Bruce Dowbiggin
Popes To Progressives: Crushing Dissent To Protect The Green Gospel

History records that when Johannes Gutenberg used his printing press to produce a copy of the bible in the 15th century it was a hinge of history. Printed in Europe using mass-produced metal movable type, Gutenberg’s bible made information accessible in something other than a manuscript or hand-written codex. Hosanna!
But the printing press freaked out the mitred heads at the Vatican. Why? Because it allowed common people to read the bible without an intermediary, a priest or bishop, censoring the uncomfortable bits. The printing press undermined their absolute authority and left people free to make their own “heretical” conclusions. What they read, in part, sparked the Reformation. And 500 years of war as the Church tried to reinforce its power.
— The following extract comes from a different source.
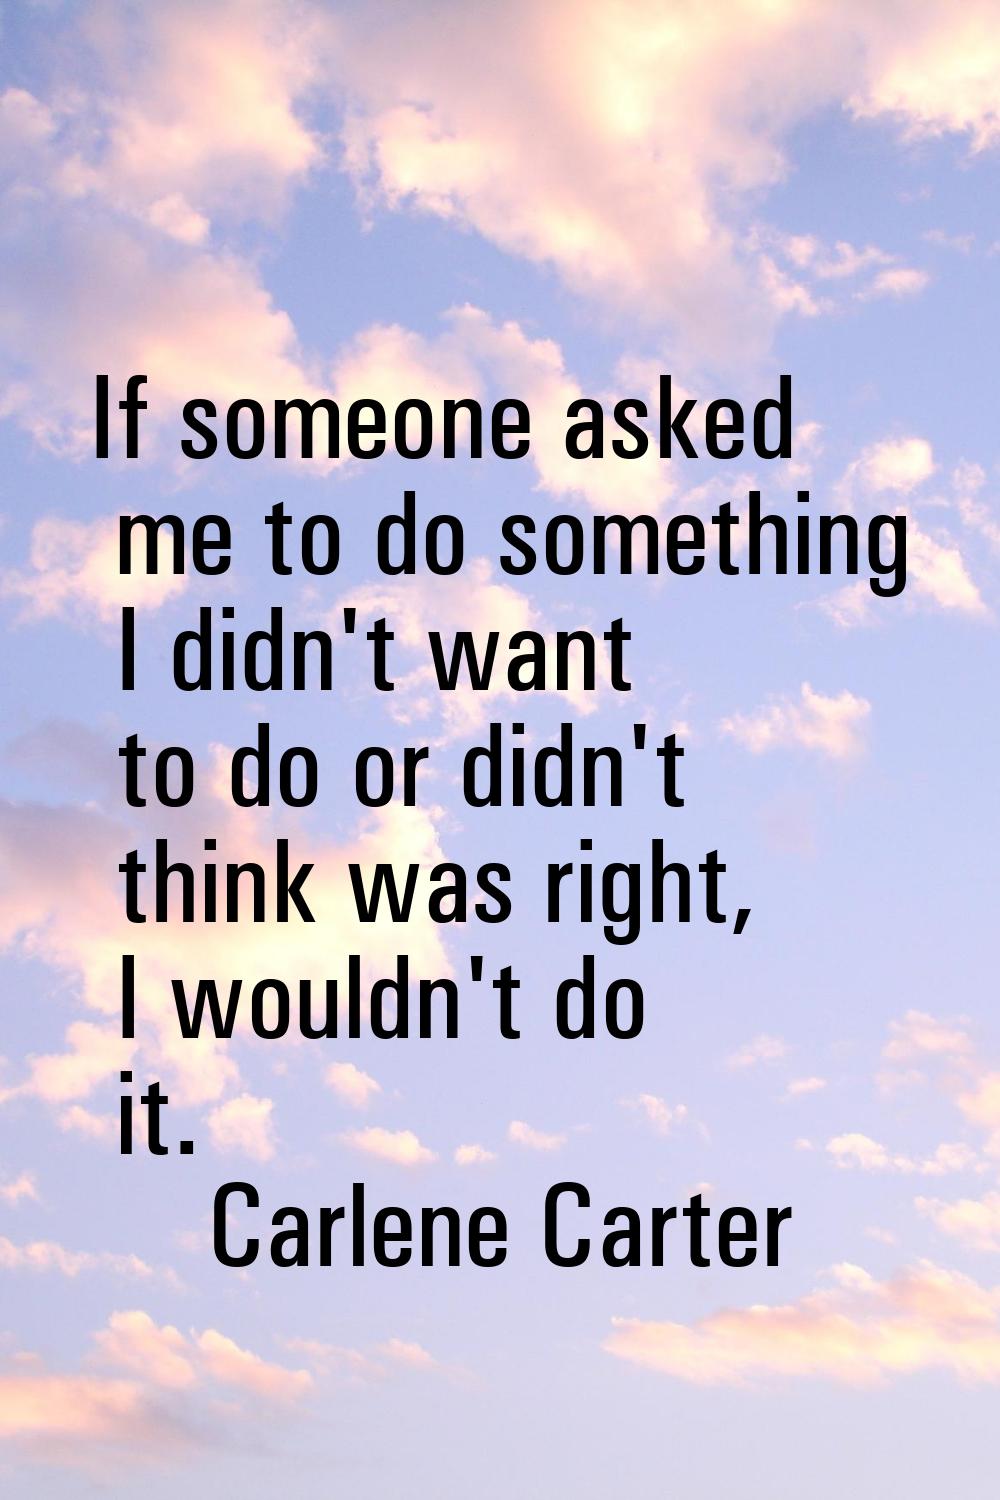 If someone asked me to do something I didn't want to do or didn't think was right, I wouldn't do it

Now, elites controlling the legacy media flow are freaked out because impertinent social media threatens their control over the high religion of climate change. Like the cardinals who tried to stop Gutenberg’s press, the high priests of climate have been lapped by technology. The formative years of the “crisis” occurred pre-social media sites such as Twitter (now X), Facebook and Tik Tok. Their fantastical climate modelling and doomsday predictions were made in the hermetically sealed world of purchased journalists, cloistered academics and progressive reporting.
Prince (now King) Charles and Al Gore could rattle off outlandish predictions about an ice-free Arctic and decimation of glaciers without fear of contradiction. Coca Cola’s claim of a polar bear wipeout became gospel. Cranks like authors Michael Chrichton or James Delingpole could be safely quarantined away from public opinion by the TV news departments.
Academics who dared demur were defunded and ridiculed. The DC court system created a kangaroo court so Michael Mann could successfully take over a decade to sue Mark Steyn for mocking his wonky science. Silence was golden for the priests of climate.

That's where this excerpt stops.